LUGARES. Entramos en la casa bien diseñada y construida; Héctor me aclara que esa no fue la que construyó el padre del Che, sino quien le compró la propiedad en el año 1943, un tal Camilo Aguiar y su esposa Carolina Méndez Huergo de Aguiar, quienes también se dedicaron a la explotación de la yerba mate. El salón es bastante amplio; en una sala más pequeña hay una biblioteca con una profusión de libros dedicados a la memoria del comandante Guevara. En el salón principal, en una vitrina se exhibe una edición facsimilar del diario original escrito durante la aventura guerrillera en Bolivia. Hay en algunos estantes objetos un tanto antiguos, pero no pertenecieron a la familia Guevara sino a los propietarios posteriores.
El lugar se recorre en unos minutos y, una vez que finalizamos el recorrido, volvemos a salir al terreno arbolado. Al costado de un camboatá de exuberante follaje hay un grupo de lapachos de distintas floraciones ubicados en una especie de cantero; los mismos fueron plantados por las hijas del Che, Celia y Aleida, durante su visita al lugar en 2008; otro por Camilo Guevara en el 2005 y el último por uno de sus hermanos, Juan Martín, en el año 2011, quien llegó al lugar no por tierra sino remontando el Paraná desde Rosario, tal como hicieron sus padres en el lejano 1927.

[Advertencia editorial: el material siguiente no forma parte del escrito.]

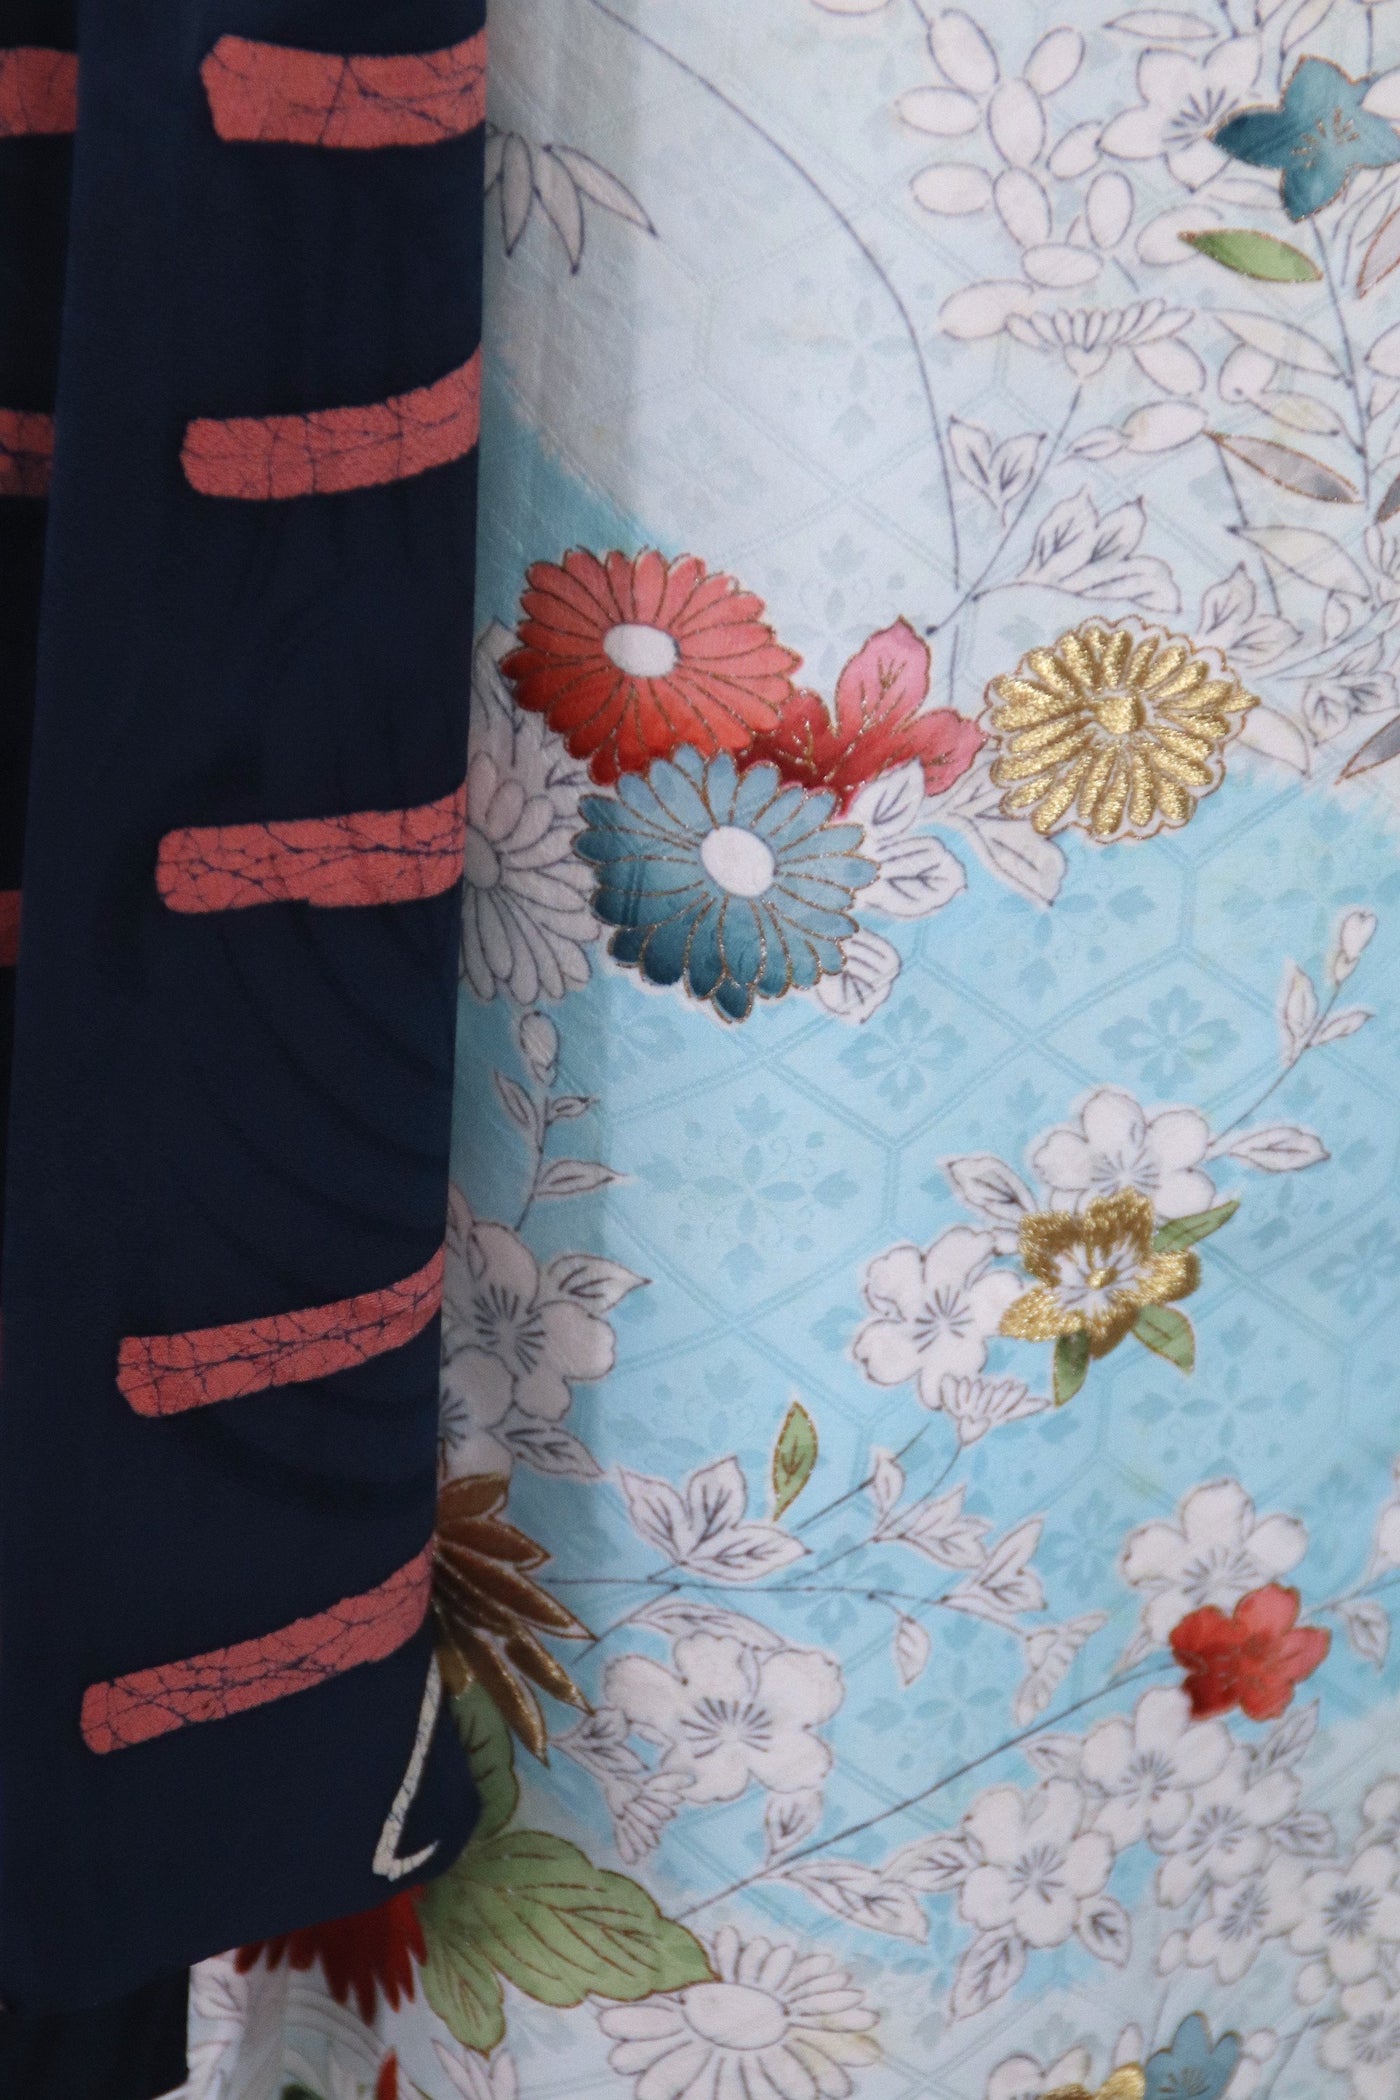 1970s Vintage Kimono Robe / Sky Blue Ombre Floral Print - ThisBlueBird

Cuando termino esa caminata emprendo el recorrido por el sendero que lleva hacia un mirador desde el cual se puede observar el lento desplazamiento de las aguas, por el momento calmas, de ese río bravo y caudaloso. A mis espaldas, una estructura de perfiles de acero imita la forma de la casa de los Guevara Lynch de la Serna; en el interior se pueden ver los restos de los pilares que sostenían una construcción ahora inexistente. Vuelvo a mirar las aguas del río y ese espacio aéreo surcado por pájaros indescriptibles que se pierden en la nada. Allí parado pienso otra vez en el relato del boliviano borracho y en esas supuestas palabras del Che agonizante, después de decirle a su fusilador, el sargento Mario Terán: “¡Póngase sereno y apunte bien! ¡Va a matar a un hombre!”. Pienso, por un instante tan fugaz como el soplo arrebatador de la vida, que Caraguatay —ese nombre, esa palabra— tiene también la sonoridad del último refugio donde se puede guarecer una existencia con sus sinuosidades y así arrebatarle una evocación a la muerte.